The sirens screamed then, drowned any words. Danny remembered; he’d heard them before, hadn’t listened, hadn’t worried because they’d been far away. They’d gone silent, or he’d stopped hearing. Now they wailed, panicked and hungry, lamenting, thrumming against his eardrums, spikes of noise that entered his head and echoed, bounced about in his skull. The dim streetlights exploded into brightness that made all shadows stark and clean, the rain slashing diamond spears.

 

In this light he saw the man’s face, how his cheeks were pitted with the scars of a red rash, how his eyelids were folded down, swelling sores against his eyes.
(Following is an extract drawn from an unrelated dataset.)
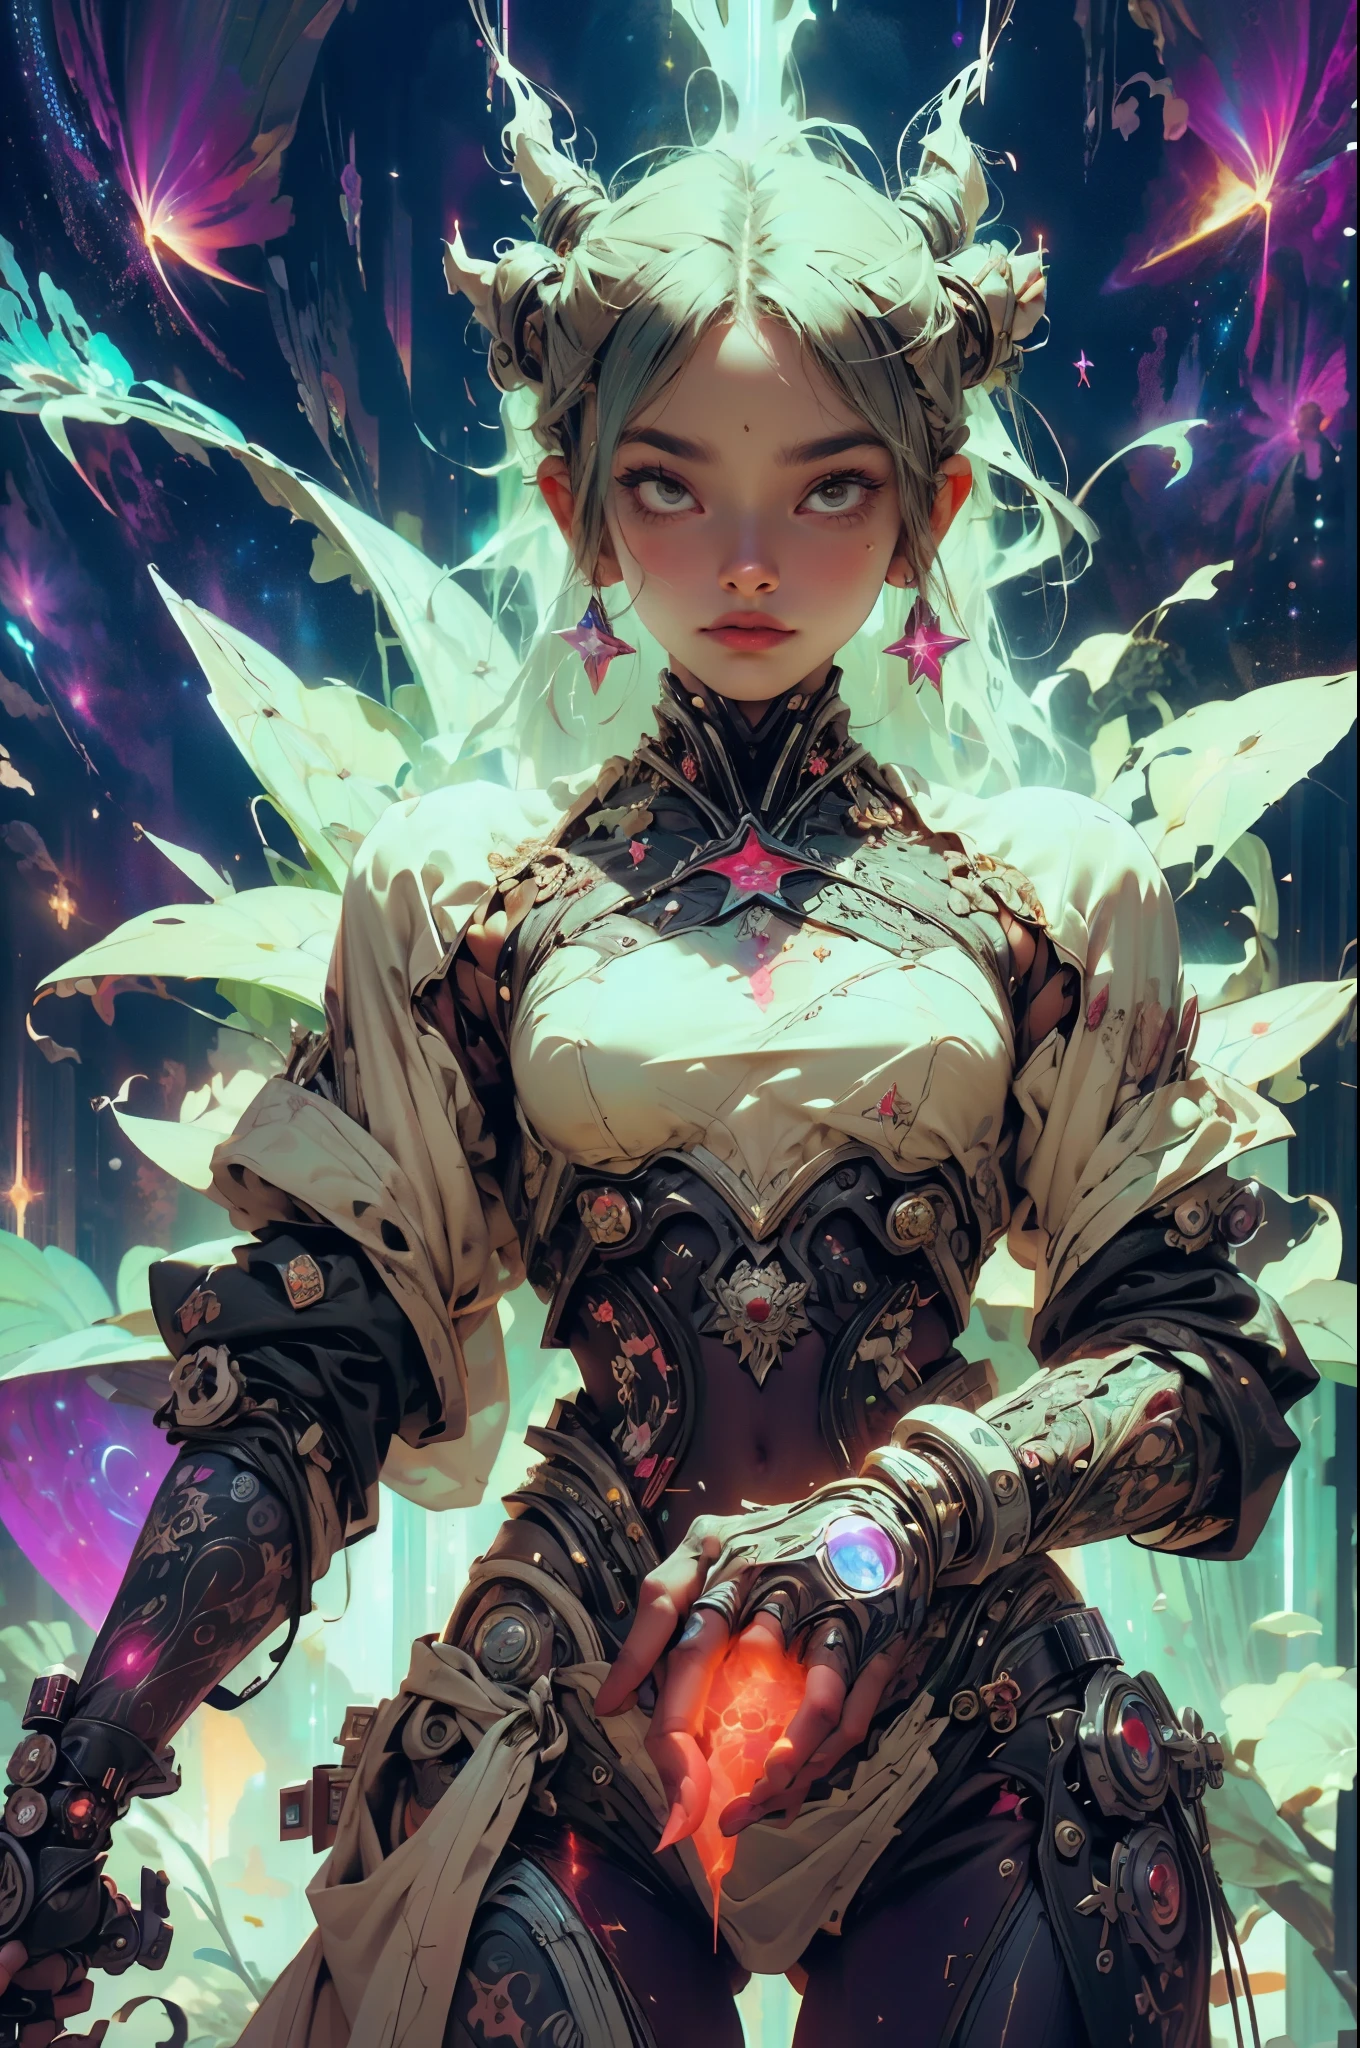 there is a screenshot of a woman in a space suit, cosmic girl, event, cosmic entity, incrinate content details, endless cosmos in the background, historical event, real event, astral background, cosmic background, cosmic goddess, cyborg goddess in cosmos, celestial cosmos, game interface, violet battlefield theme, cosmic style, hyperdetailed content, background details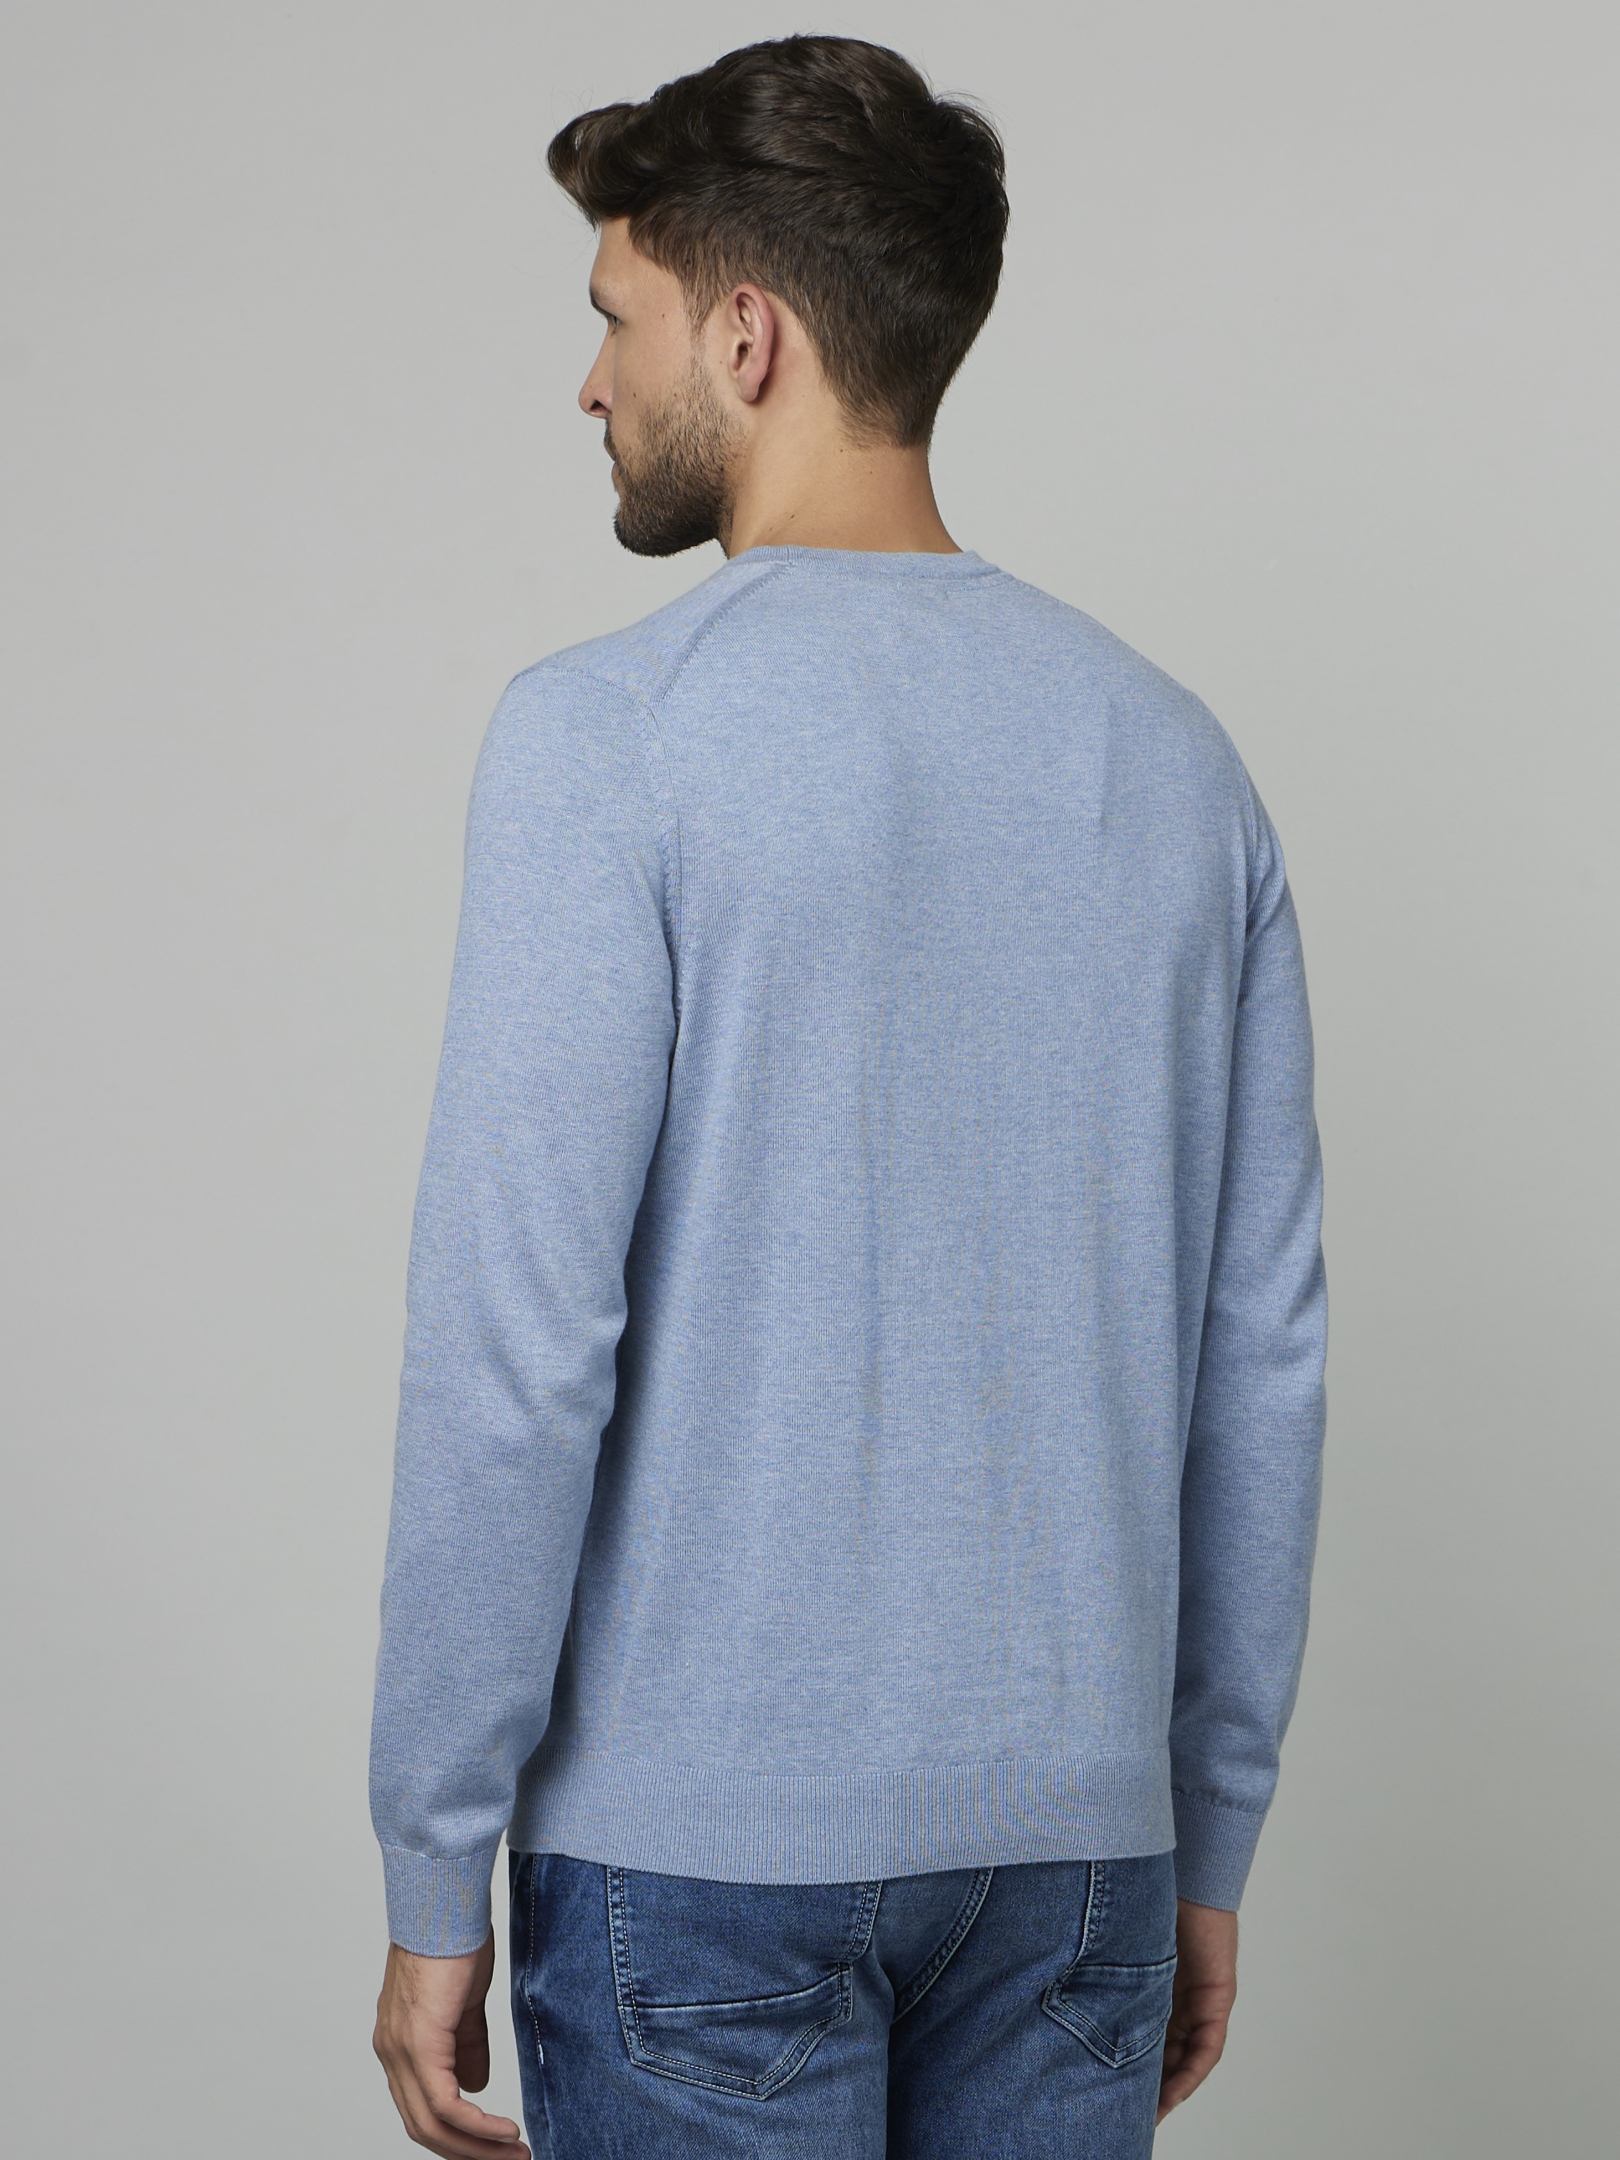 Men's Blue Solid Sweaters

Bile came into Danny’s throat again and he was swallowing puke, retching as shudders of disgust ran through him, as his skin crawled and he remembered the warm heaviness of the man’s body against his, how a breath had raised up the little hairs on his neck.

 

Sick, sick man, outcast and running, a Trick, a disease, a dead-man walking.

 

A series of sharp cracks, echoed instantly from the walls, deafening even above the sirens and the man grew himself a third, bloody eye. It winked, leered, dribbled out gobs of red. The two brown eyes beneath it pleaded for something, for a moment more, for life. His mouth fell open, jaw hanging loose. Crack again and one of the brown eyes vanished into black.

 

“Run,” the man groaned as he dropped onto one knee. His body was too heavy for him, a slack and dragging weight. The sound he made when he dropped was the crack of broken bone. He still stared at Danny, kept him fixed to the spot. How could he run, with someone looking at him like that? Like all the world, the rain, and flow of blood would stop.”You’ll run...”

 

Another crack, a light dimmed and Danny ran. There was something on his lips that wasn’t rain. Rain washed and he spat, but still he could taste the blood.